What do you expect from your social networking efforts? Are you trying to increase brand awareness? Improve customer relations? Generate sales? Serve customers? Attract prospects? Get leads? All of the above?
Expecting social media to do everything is one of the reasons people think that their strategy is failing. Social media can do it all, but you must pick one for your objective. While secondary benefits may happen, focusing on one increases the chances of success. Each of the objectives listed requires different tactics from the others. Choosing one and doing it well generates a return on investment that can be used to expand your reach. Choosing all dilutes your efforts and reduces your effectiveness.
If you haven't created your strategic plan, start with your objective and build from there. You can adapt as needed along the way. Beginning with a clearly defined objective and specific measuring guidelines allows you to recognize your success or fail quickly. Either way, you can move to the next level or objective without being overly invested in the process. In other words, you can increase your chances of success while minimizing your risk.
If you have a strategic plan in place that is trying to cover all of the bases, look to your community for guidance. Are they moving from your social media activity into the buying cycle? Focus on sales or leads as appropriate. Are they chatting about your business with their friends? Encourage them to continue by emphasizing brand awareness.
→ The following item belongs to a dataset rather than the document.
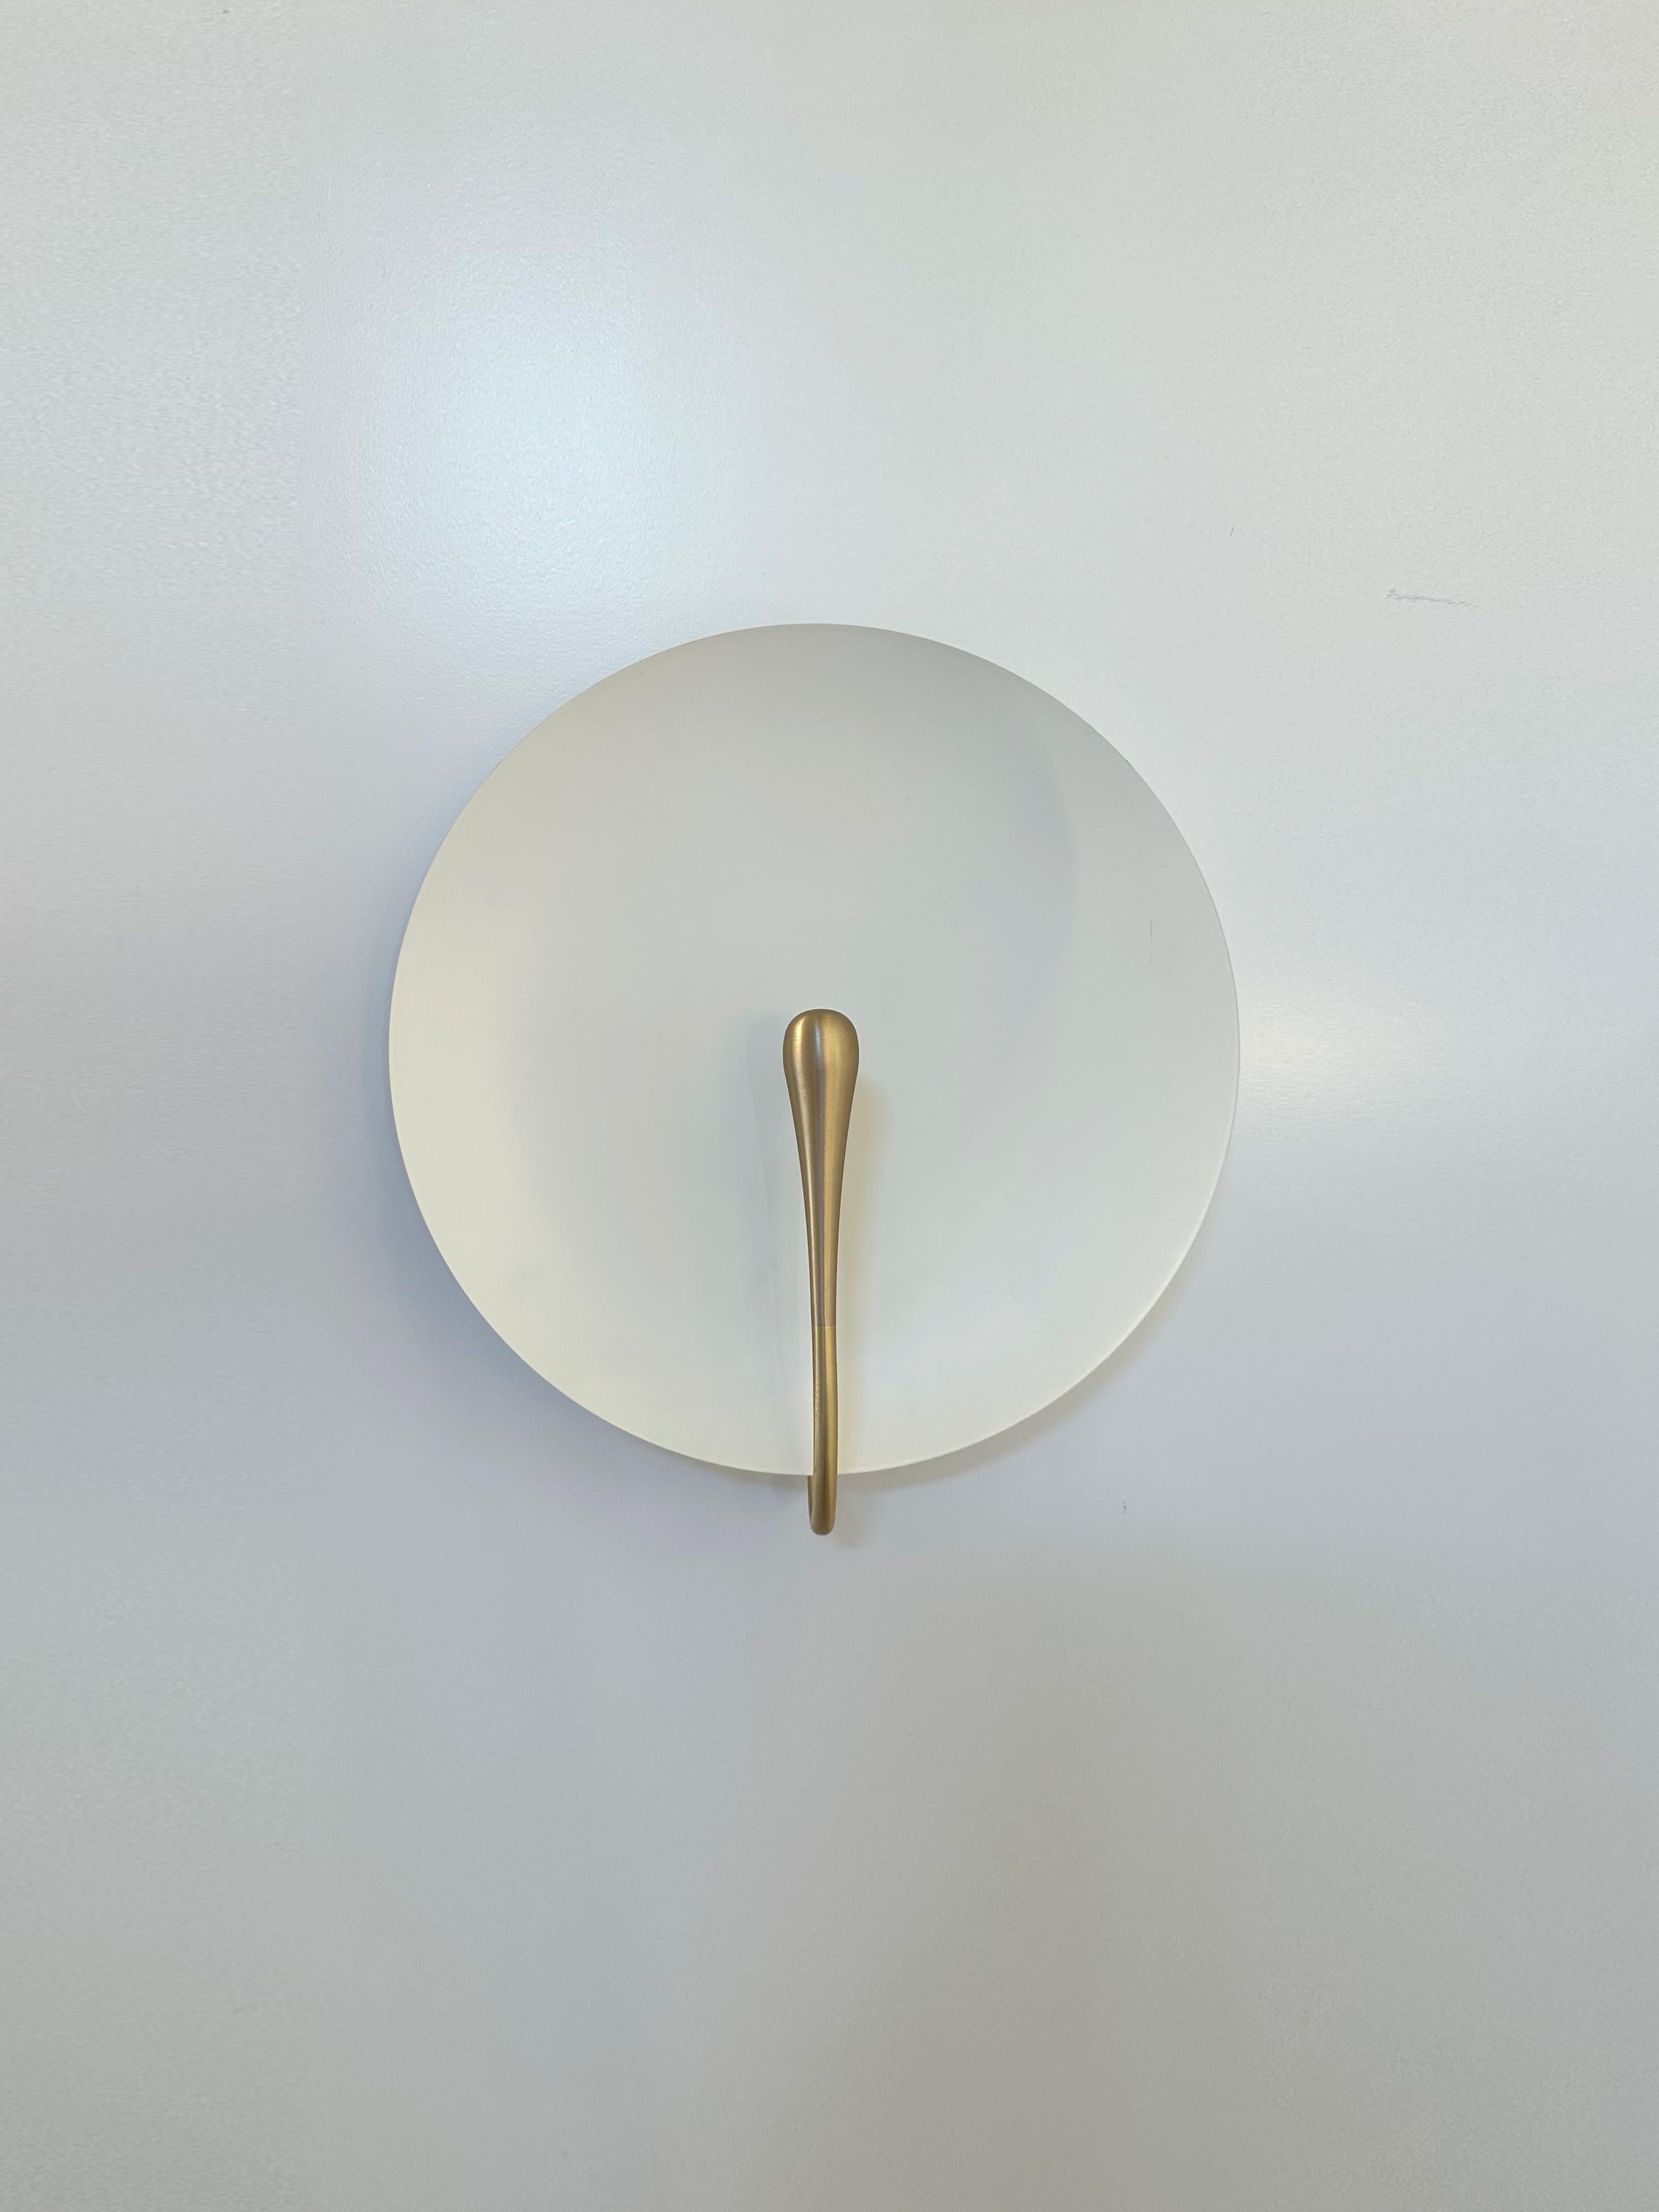 An experiment between designer and maker, this sconce is one of a kind. A matte white piano lacquer is applied to a hand-spun brass plate to create this unique finish. Each of our brass plates is hand spun in London, with each having slight

Do they ask product related questions? Customer service is your sweet spot. If they are doing it all, you may need to expand your social media marketing and customer care team to insure that it continues
Social media decisions are easier when objectives and expectations are aligned.
Before you tweet a message, write a blog post, or chime in on the latest drama, run it past this litmus test:
- Does it move us closer to the objective? If so, how?
- What is the next step we want our community members to take? Is it clearly defined?
- What is the best case scenario?
- What is the worst case scenario?
If your activity moves you toward the objective, has a clearly defined next step, and minimal risk, do it. If not, don't. It's that easy.
There's an added bonus to clearly defined objectives. Everyone in your organization can be on your marketing team. The danger in using people outside the marketing circle to expand your reach is that they may send the wrong message. The risk is significantly reduced when they know what is expected and how to deliver.